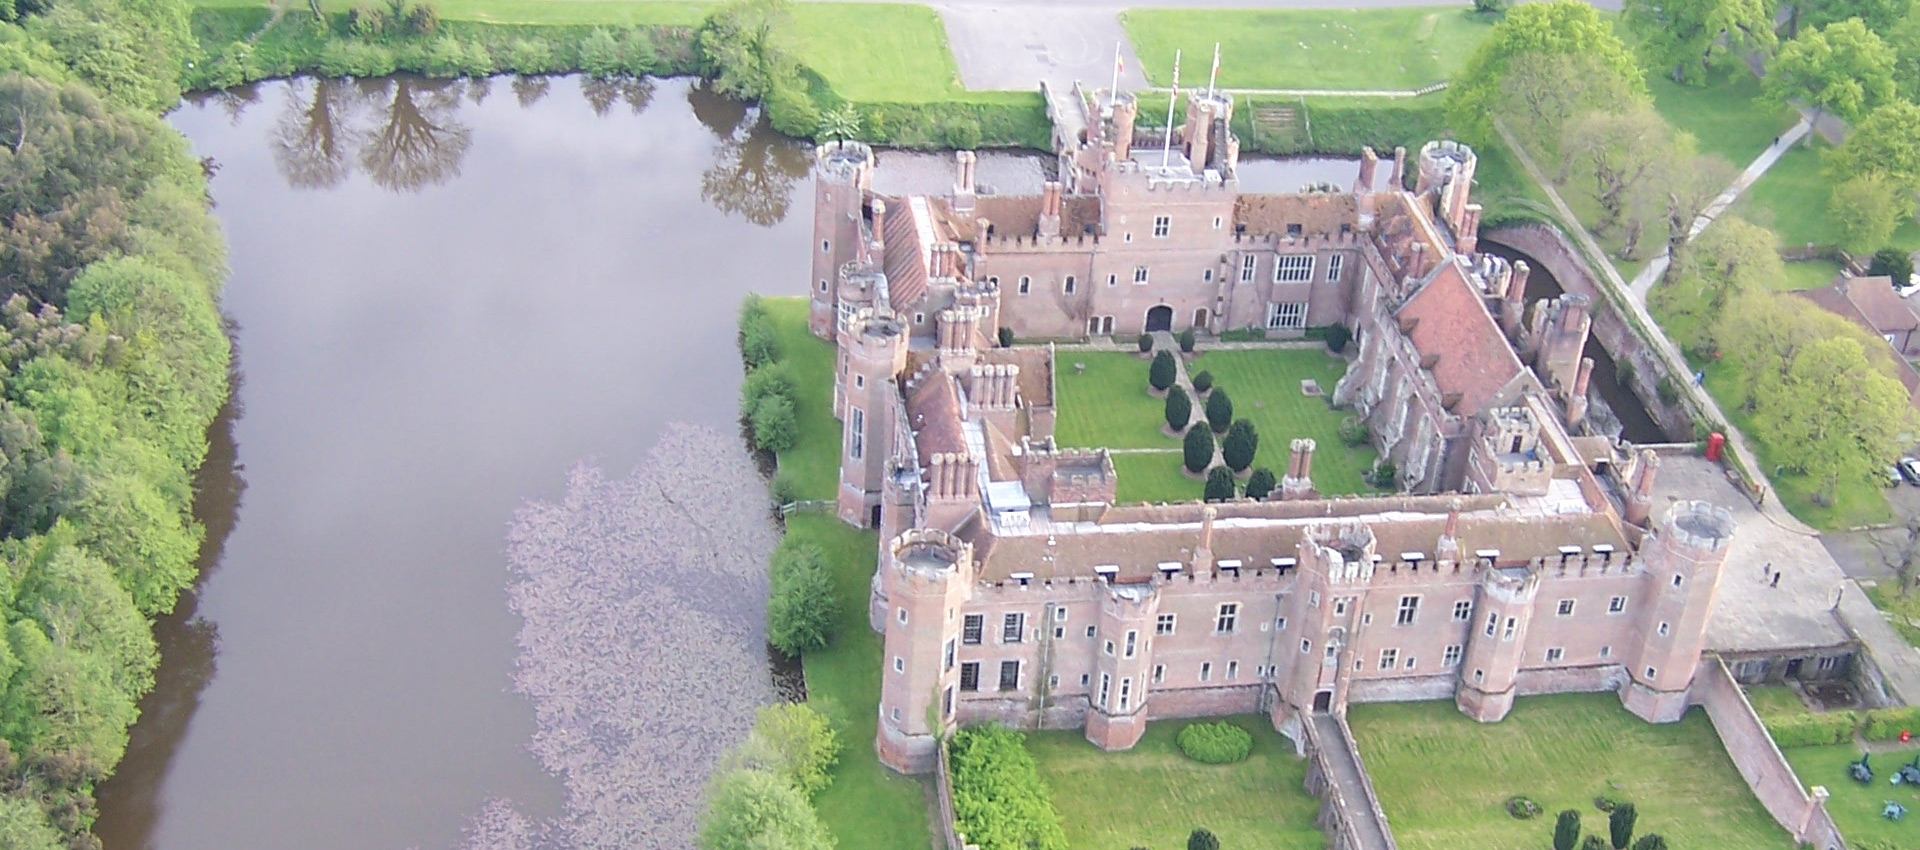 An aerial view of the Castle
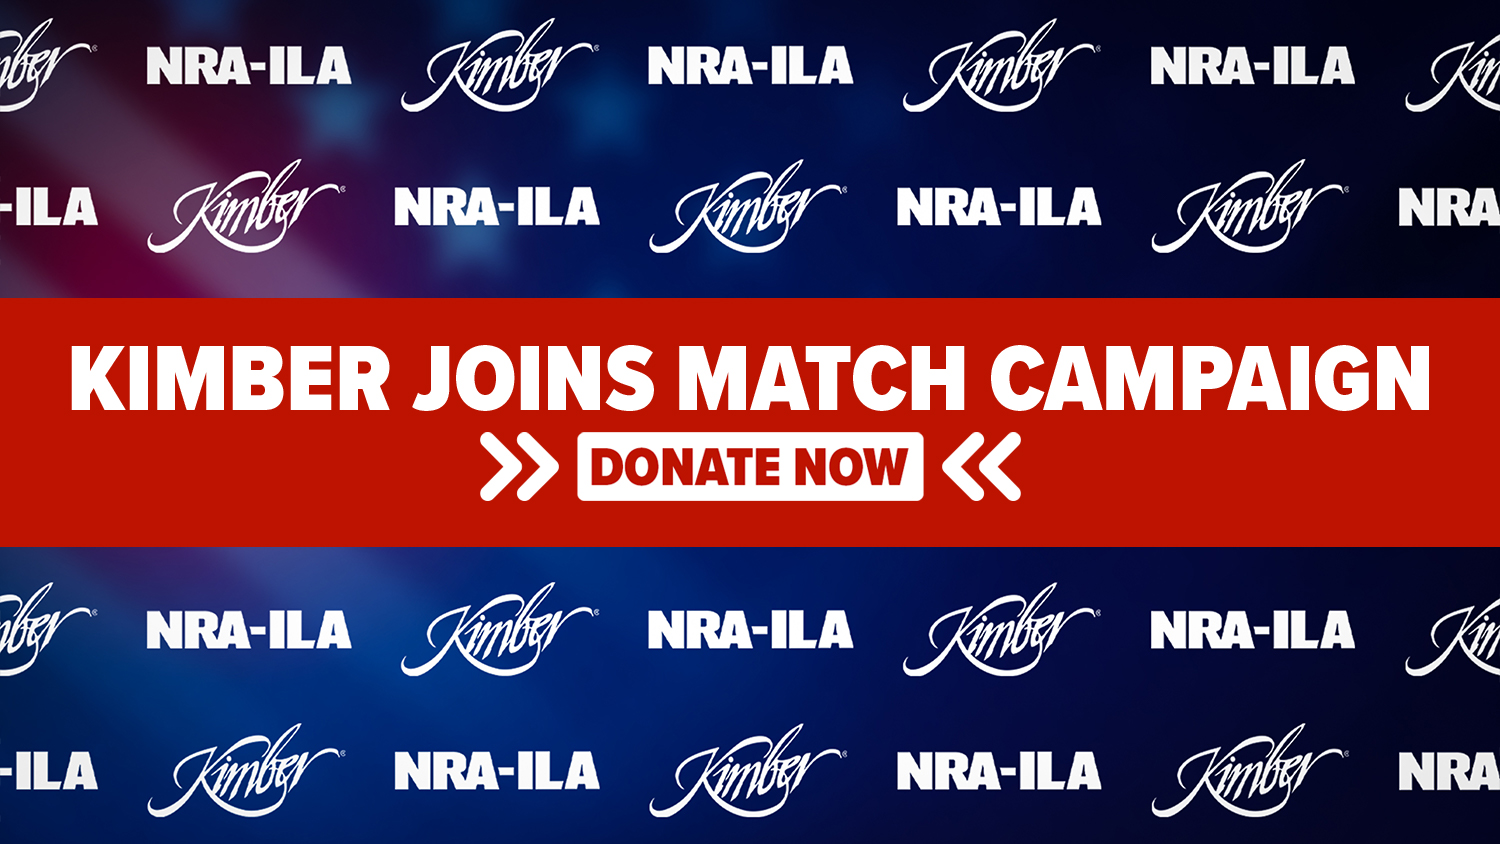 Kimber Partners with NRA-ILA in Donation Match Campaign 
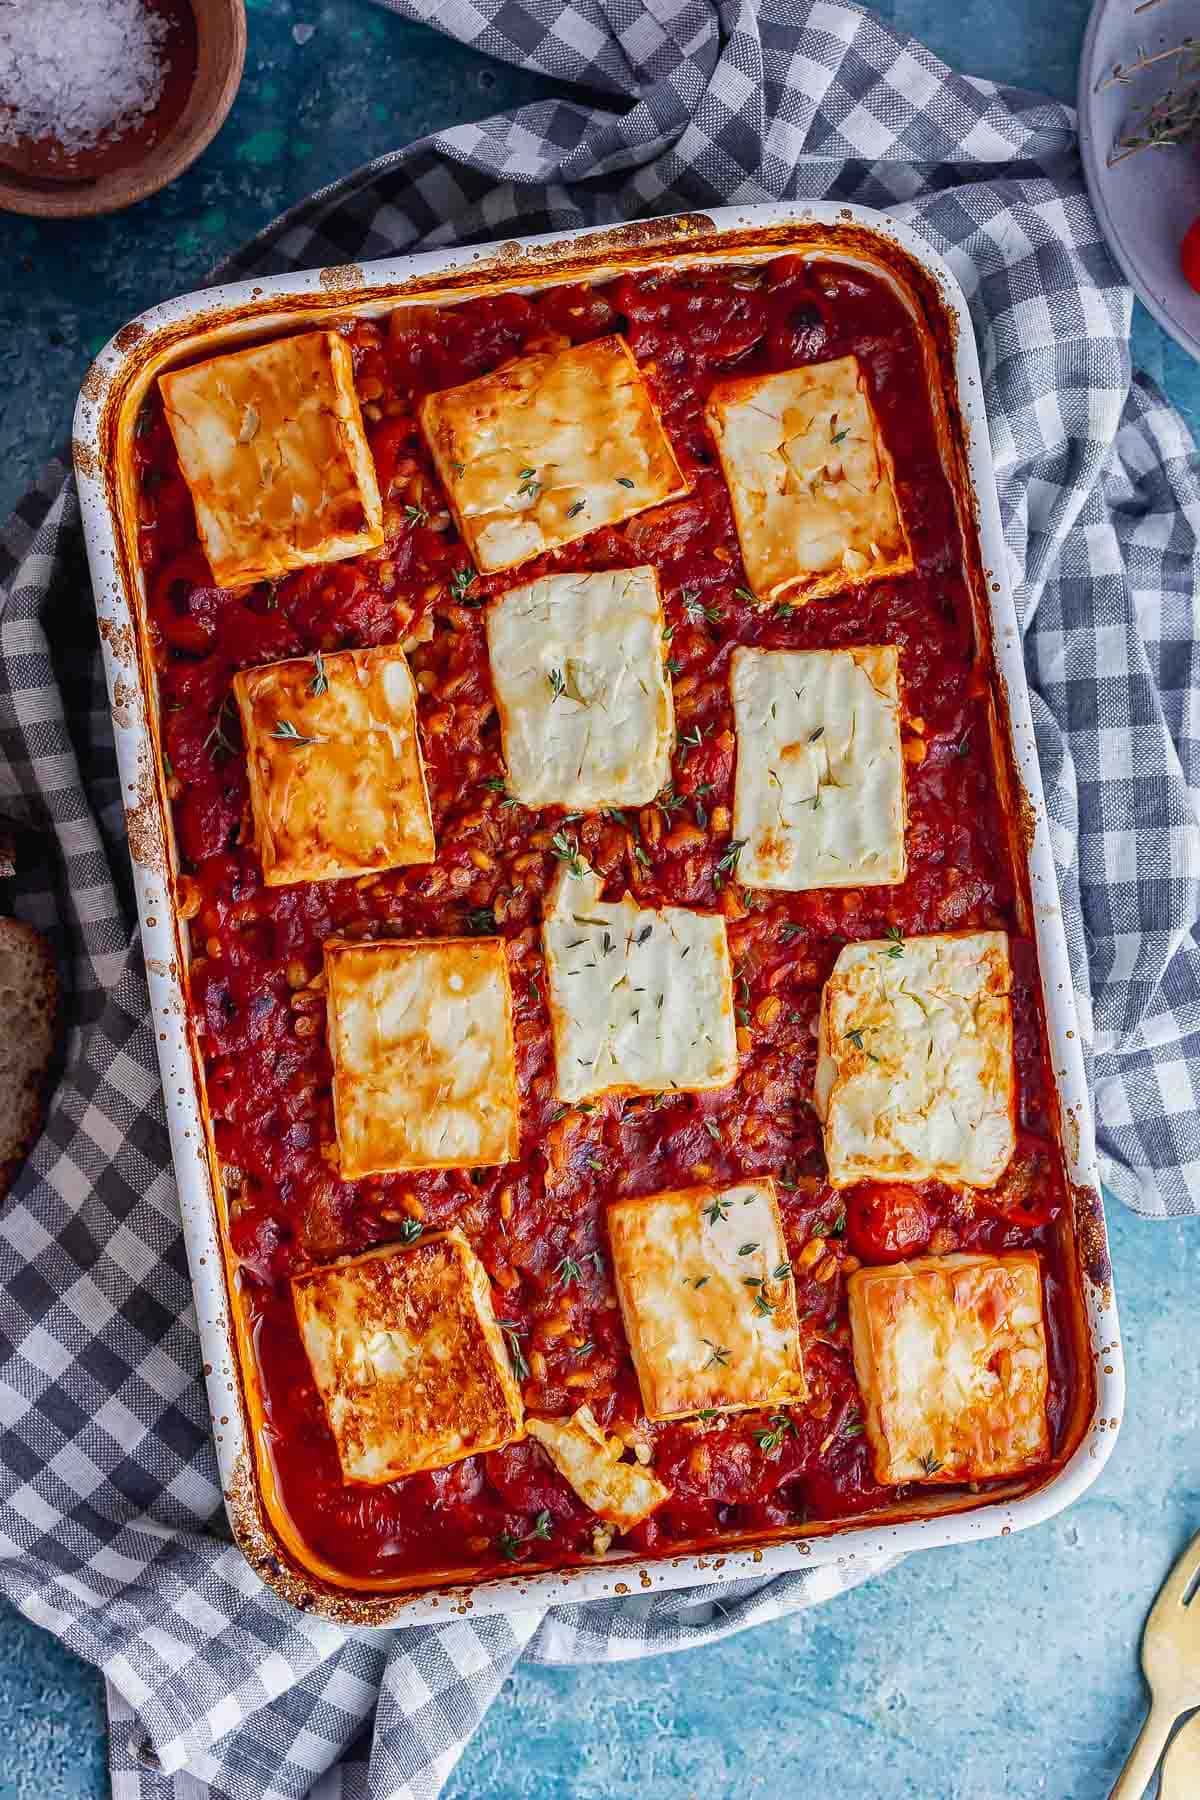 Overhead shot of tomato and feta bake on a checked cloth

[WHAT THE TASK REQUIRES] Once more, please print all the lines above exactly, without their pictures.

[ANSWER]
 An aerial view of the Castle
 Kimber Partners with NRA-ILA in Donation Match Campaign 
 Overhead shot of tomato and feta bake on a checked cloth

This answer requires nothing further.